Giter Club home page Giter Club logo

lobster-tutorial's Introduction

Introduction

This repo provides the code for a basic tutorial showcasing the use of lobster with a non-CMSSW based program. It is assumed that you already have a working lobster installation and understand the basics of how to setup and configure a lobster job.

Setup and Usage

First we need to checkout the repo from github:

cd ~/Public
git clone https://github.com/Andrew42/lobster-tutorial.git

Next we need to activate our CMS environment in order to use lobster:

cd ~/path/to/some/release/CMSSW_X_Y_Z
cmsenv

Finally, we activate our VOMS proxy and the lobster virtual environment:

voms-proxy-init -voms cms -valid 192:00
source ~/.lobster/bin/activate.csh # or activate.sh if in a bash environment

Now we should be good to run the example:

cd ~/Public/lobster-tutorial
lobster process lobster_config.py

Description

Running lobster with a non-CMSSW executable is not very different from using lobster normally. The setup of the StorageConfiguration object should be largely unchanged:

tstamp = datetime.datetime.now().strftime('%Y%m%d_%H%M')
storage = StorageConfiguration(
    input=[
        "file://~$USER/Public/lobster-tutorial",
    ],
    output=[
        "hdfs://eddie.crc.nd.edu:19000/store/user/$USER/diceRolling/test/testing_{tstamp}".format(tstamp=tstamp),
    ],
    disable_input_streaming = True
)

The main caveat to keep in mind is that when lobster passes the filenames to your job they might be prefixed with a file transfer protocol identifier, e.g. file:, which should be accounted for in your code in order to properly read the file.

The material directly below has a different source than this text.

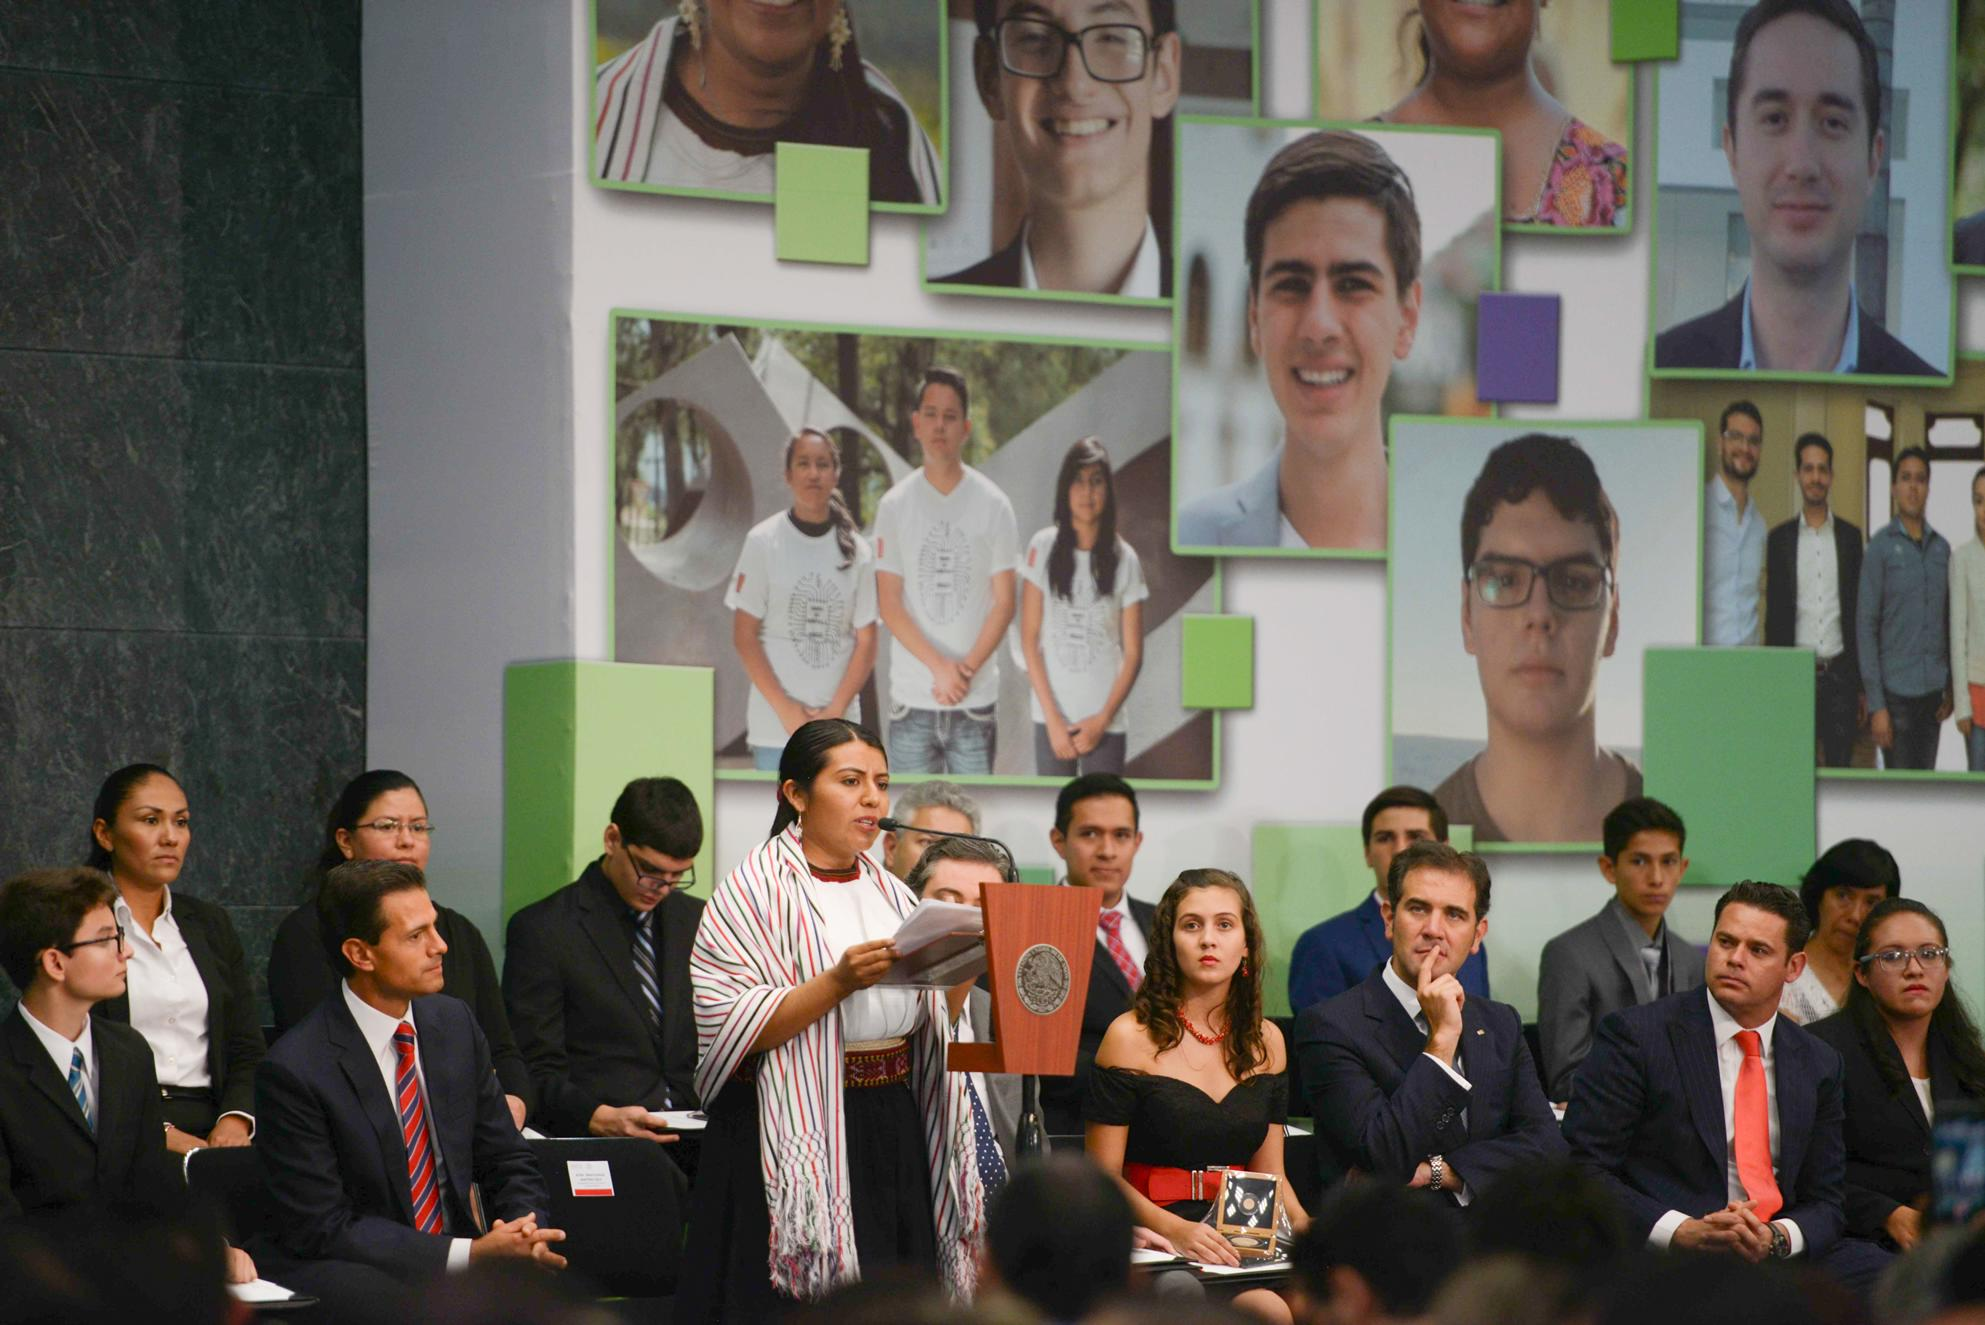 """Tania Eulalia Martínez Cruz, aseguró, a nombre los premiados, que """"todos estamos aquí para sumarnos y construir un mejor país, porque hay que trabajar por lo que amamos""""."""

For non-CMSSW jobs you will almost always be using the plain Dataset object, where you will be specifying all the files and/or directories you want lobster to process. The list object passed to files can contain paths to individual files, or it can be paths to directories containing all the files you wish to run over. The patterns argument can then be used to help make sure that lobster only processes the types of files you want from a given directory. Finally, the files_per_task option will tell lobster how many files should be grouped together in a single task.

dataset=Dataset(
    files=['inputs/test_inputs_{tstamp}'.format(tstamp=tstamp)],   # This needs to be relative to the input path specified in your StorageConfiguration
    patterns=['*.txt'],
    files_per_task=1
)

Keep in mind that this means that the smallest unit of work that lobster can process at a time this way is a single file. So if your inputs aren't split up over a sufficient number of files, you may not be able to to take full advantage of the benefits that batch computing provides.

Note: Currently there is a bug in the way dependent workflow tasks update their expected number of remaining units to process. As a result of this the files_per_task argument of all parent datasets must be set to 1, otherwise the dependent workflow will get stuck in an endless loop of failing to create tasks due to insufficient units from the parent dataset. If none of your workflows involve a ParentDataset then you can safely set files_per_task to any value you wish.

The most significant difference from how a normal lobster configuration might be setup is that for non-CMSSW jobs you will generally need to specify all the non-CMSSW code required to run your job. This is done through the extra_inputs argument of the Workflow class:

GIT_REPO_DIR = subprocess.check_output(['git','rev-parse','--show-toplevel']).strip()
extra_inputs = [
    os.path.join(GIT_REPO_DIR,"python/Dice.py"),
    os.path.join(GIT_REPO_DIR,"python/the_job.py"),
    os.path.join(GIT_REPO_DIR,"python/merge_results.py")
]

A key thing to keep in mind here is that when lobster copies the extra inputs to the worker to run your job, it won't preserve the directory structure of whatever original location you got the extra inputs from. So in the above example, the three extra input files: Dice.py, the_job.py, and merge_results.py won't be located in a subdirectory called python when the remote worker tries to run your job. Instead they will all be located in the top level directory of the task working area. This means that if your code import statements assume some sort of directory structure, that being all in the same top-level directory won't break the imports.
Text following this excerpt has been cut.